7/08/2008

Cała Polska czyta akta

Ech życie! Bez Kaczyńskich, Tuska, Ziobry, Niesiołowskiego, Karskiego, Putry, Olejniczaka i reszty Gosiewskich. Bez telefonów od mamusi, bez zwierzeń znajomych, żali listonosza, narzekań spoconych kioskarek. Ładny – choć rzadki – to czas.

Kiedy problemy zmieniają kształty, znaczenie, miejsce występowania. Kiedy martwi nas ciężar książek w walizce. Ważymy czy wymienić Głowackiego na Hemingway’a, Mrożka na Allena, Warhola na stare książki Tokarczuk.

Kiedy – zwyczajnie – kompletujemy wakacyjną garderobę. Ile czego i dlaczego tego aż tyle? Czy dwie pary dżinsów wystarczą, a może nie przydadzą się wcale? Bluza z kapturem, śpiwór? Nie, przecież nie zapowiadają chłodów. Coś przeciwdeszczowego czy lepiej nie zapeszać? Cholera, nie wiem.

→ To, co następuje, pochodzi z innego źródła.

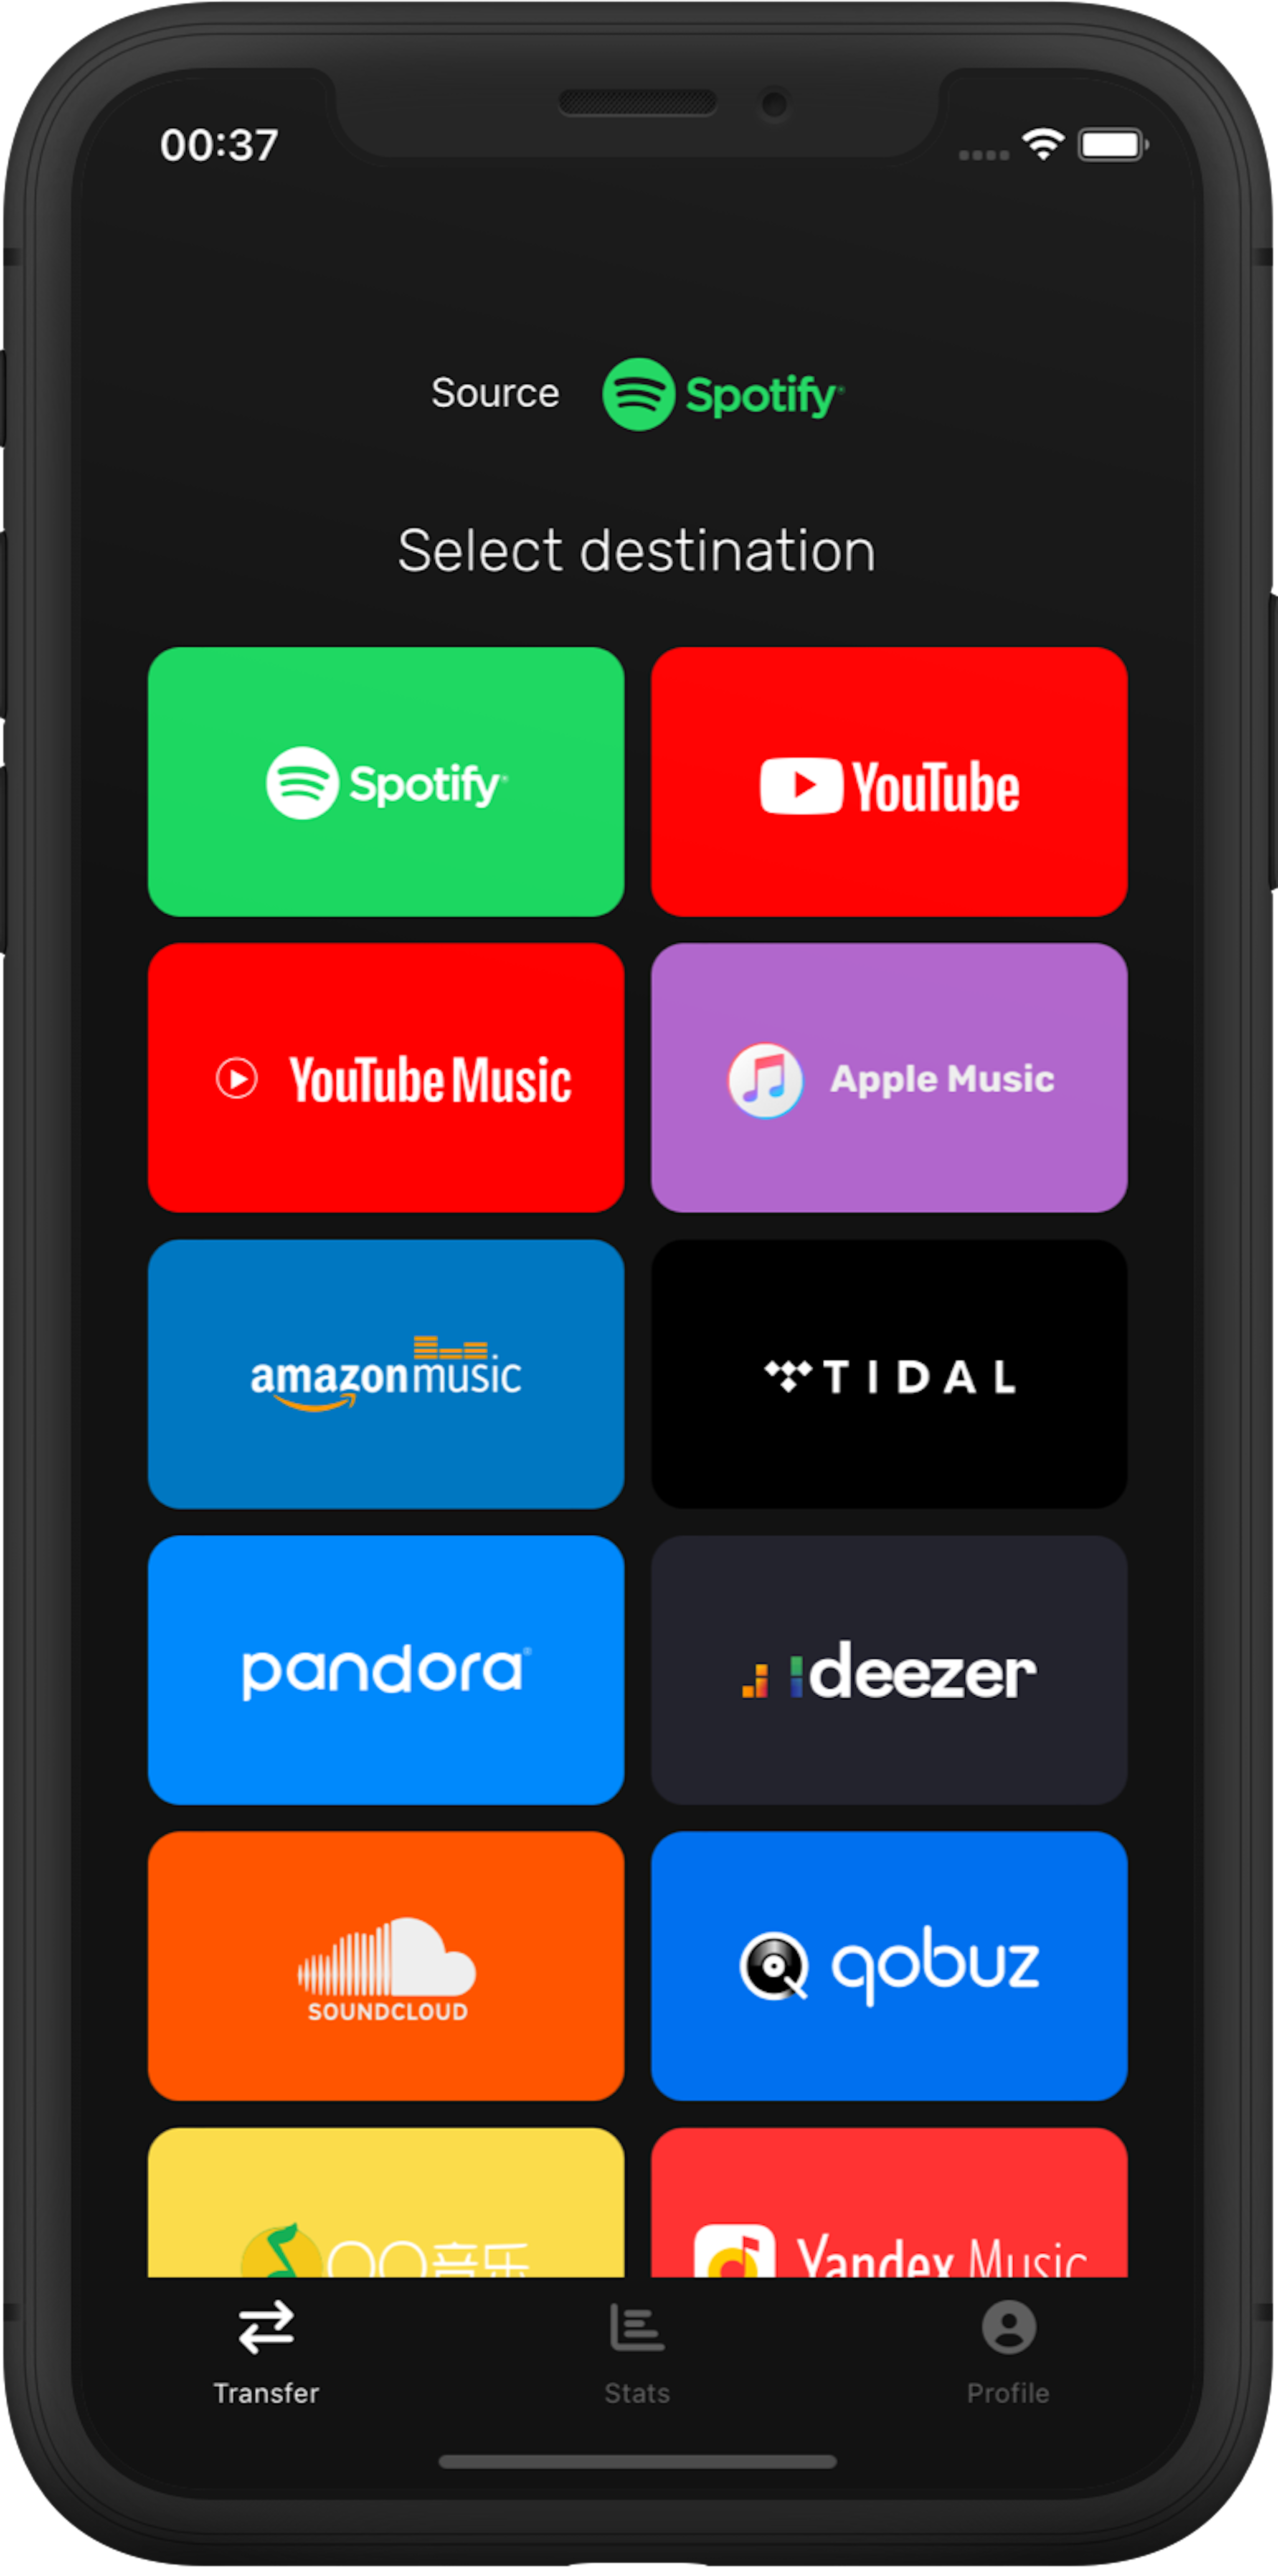 Step 2: Select Qobuz as a destination music platform

Kiedy zaczynamy wybaczać tym, którzy na to nie zasługują. Taki Kaczyński Jarosław. Zamiast czytać zaległe lektury zabrał się za nudne prokuratorskie akta. „Zrobił to, bo martwi się o Polskę“, mówił prymus Ziobro. Całe szczęście, że są jeszcze w tym kraju tacy ludzie.

Sami Państwo (mnie) czytają, czas wyjeżdżać.

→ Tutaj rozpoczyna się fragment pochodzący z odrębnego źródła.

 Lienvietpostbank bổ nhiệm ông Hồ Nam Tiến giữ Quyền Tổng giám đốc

Ten tekst to wyraz moich osobistych poglądów, nie należy go identyfikować z linią programową redakcji TVN24

7/01/2008

Kochana głowa. Państwa

W jeden dzień Polska stała się kolonią Indii. Przepis na tę geograficzną ekspansję jest prosty: szczypta krytyki premiera plus zdanie oburzenia Komisji Europejskiej podlane sosem zaściankowym.

Jest w Indiach zwierzę, którego tknąć nie sposób, bo to jedna z siedmiu matek człowieka. Trzeba mu oddawać honory, unikać potraw z jego boku, wachlować, omijać, wielbić. Jest w Polsce polityk-alergik. Kicha kiedy słyszy krytykę; słuszną lub nie – on nie rozgranicza. Nikt nie ma prawa zwrócić mu uwagi, nawet kiedy – wbrew sobie samemu – obraża się na własne lizbońskie cielę.

Prezydent nie raz pokazał, że lepiej ciszej na jego decyzjami. Można by je zlekceważyć także teraz. Uznać, że są lekko niezrównoważone. Ale tego dnia, kiedy spadły na prezydenta gromy oburzenia, że nie chce chwycić za pióro, udowodnił, że ma się dobrze. „Przy Wałęsie zostaliśmy dla władzy“ – zdradził w wywiadzie dla „Dziennika“. Panie prezydencie – melduję zarodek uwielbienia.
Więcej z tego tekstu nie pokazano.